** Required work **
Copy the closing run of lines, from the one with "Whitewashed terracotta urn" through the last line of the listing, exactly and without any pictures.

** Recorded data **
..............................

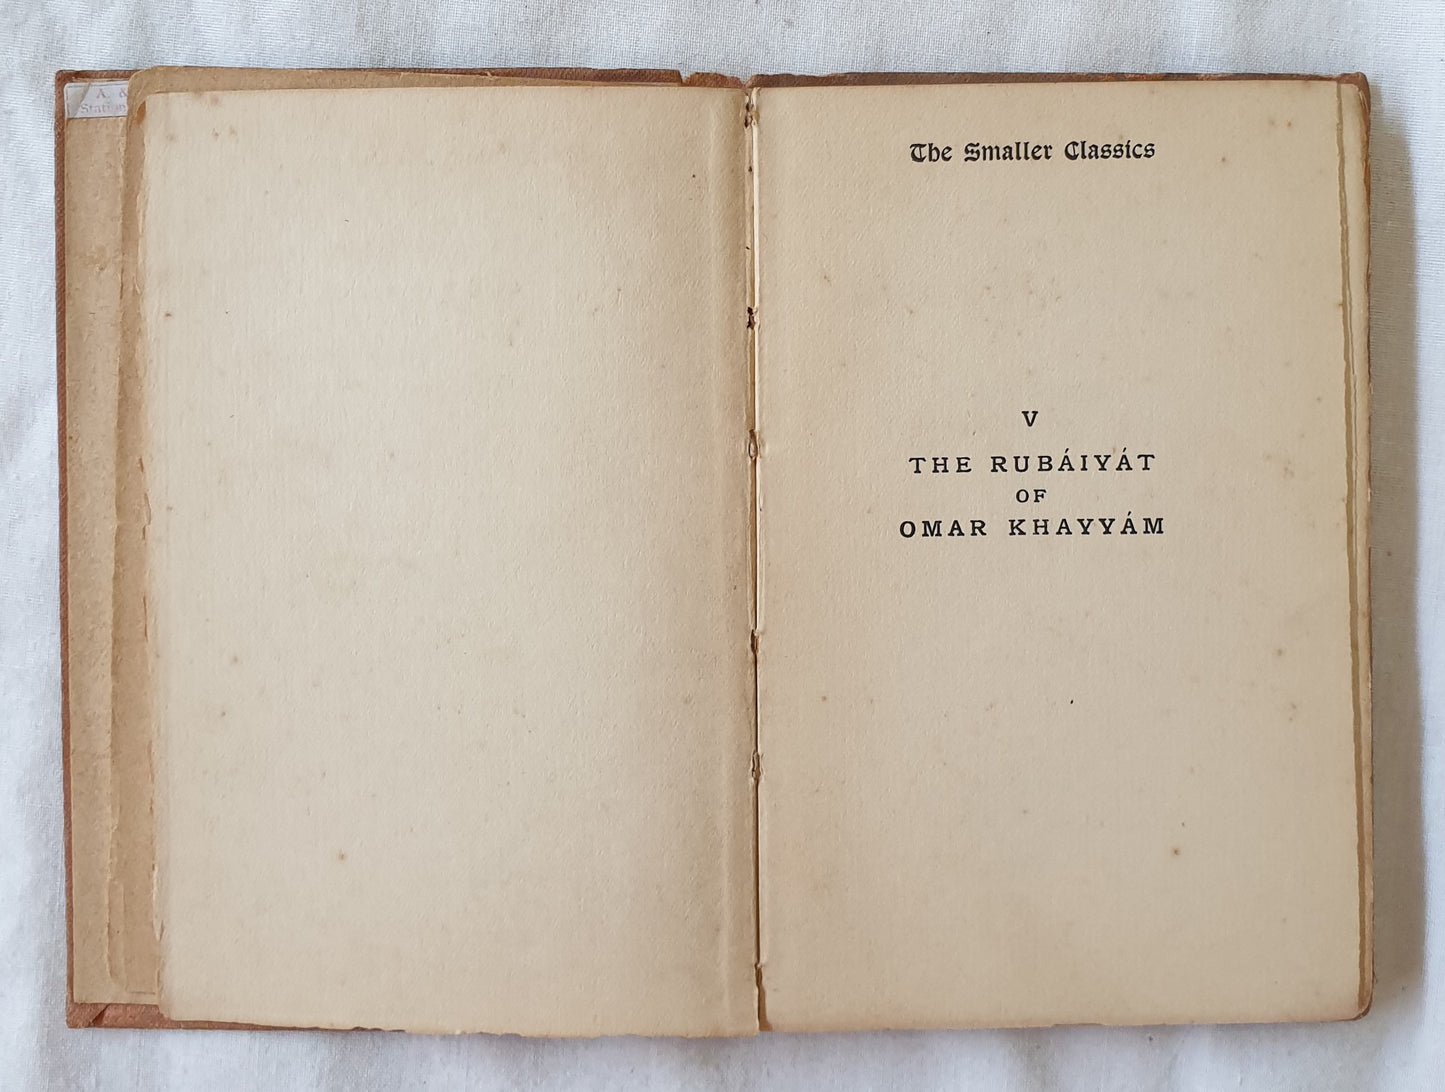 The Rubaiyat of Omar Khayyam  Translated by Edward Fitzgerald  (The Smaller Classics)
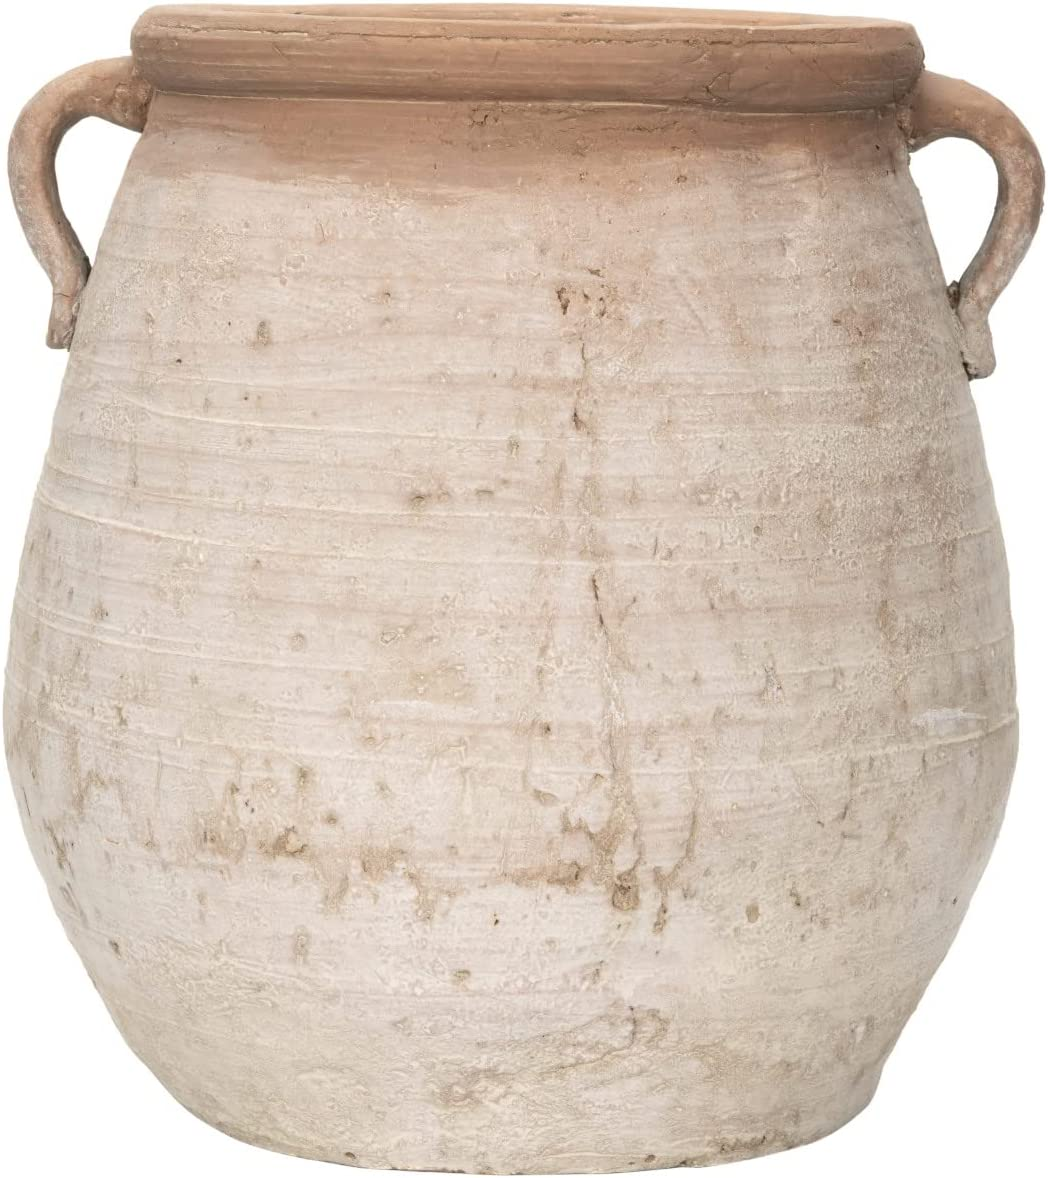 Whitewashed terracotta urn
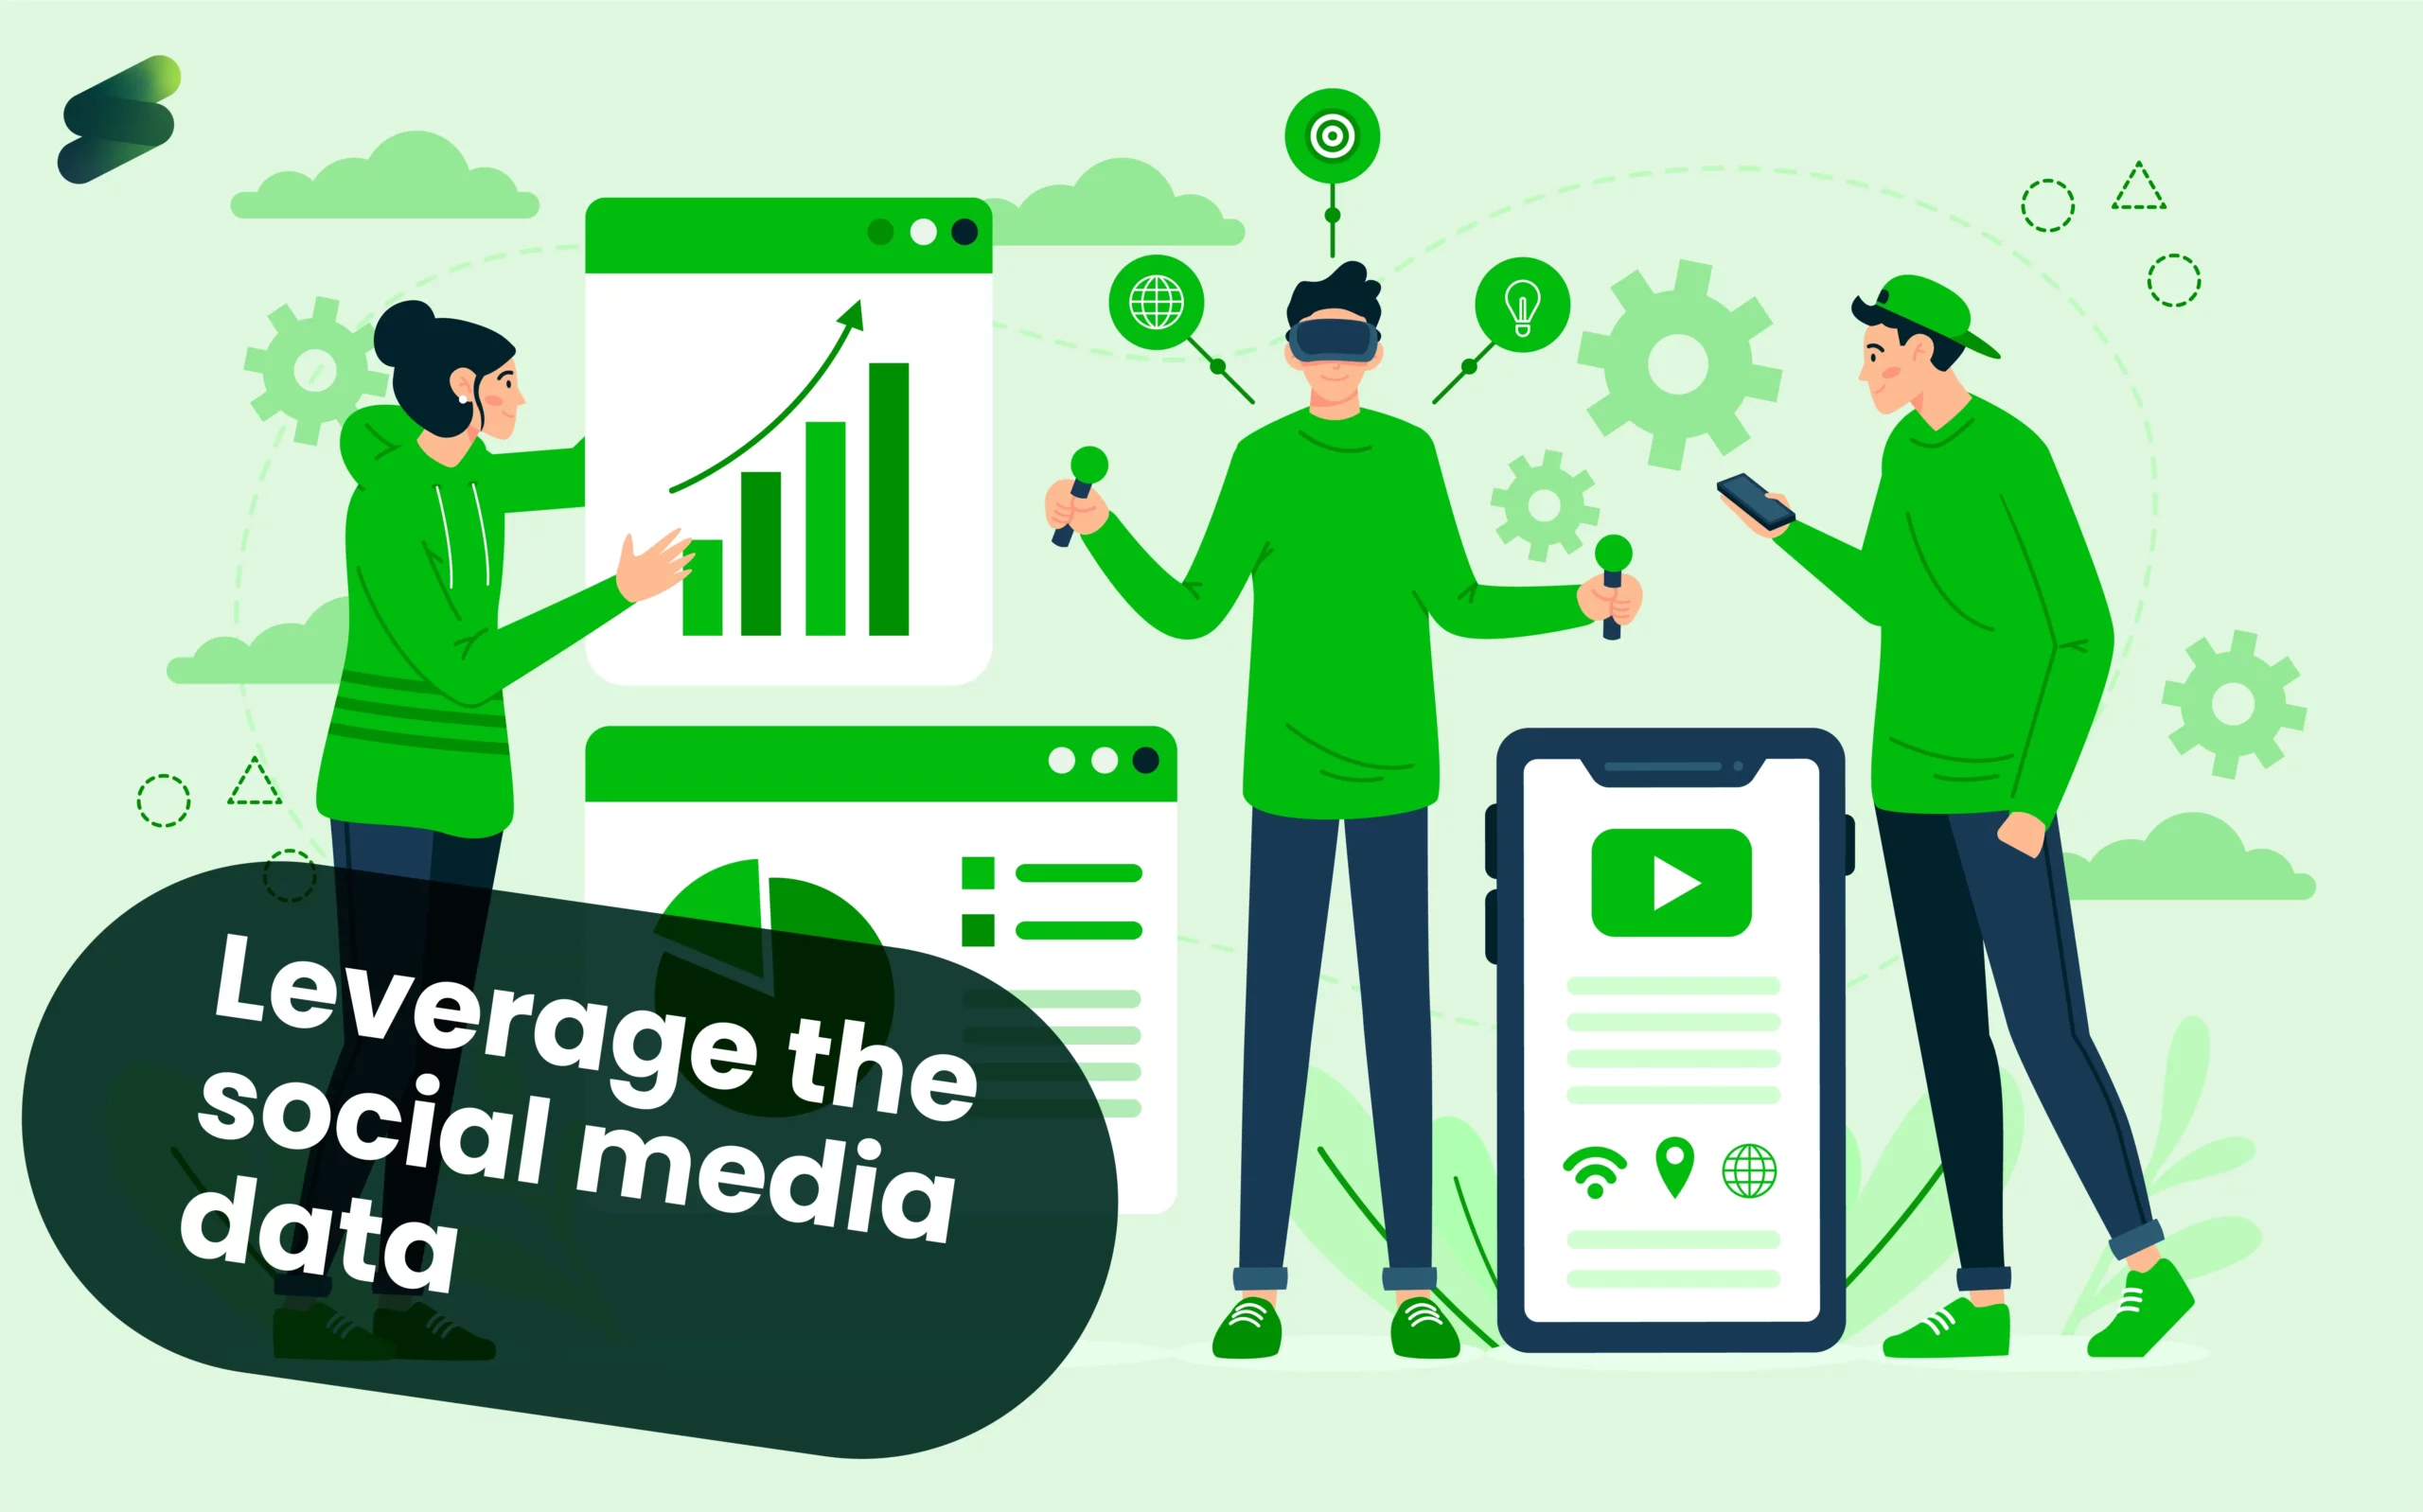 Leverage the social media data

..............................

** Finished exercise **
 Whitewashed terracotta urn
 Leverage the social media data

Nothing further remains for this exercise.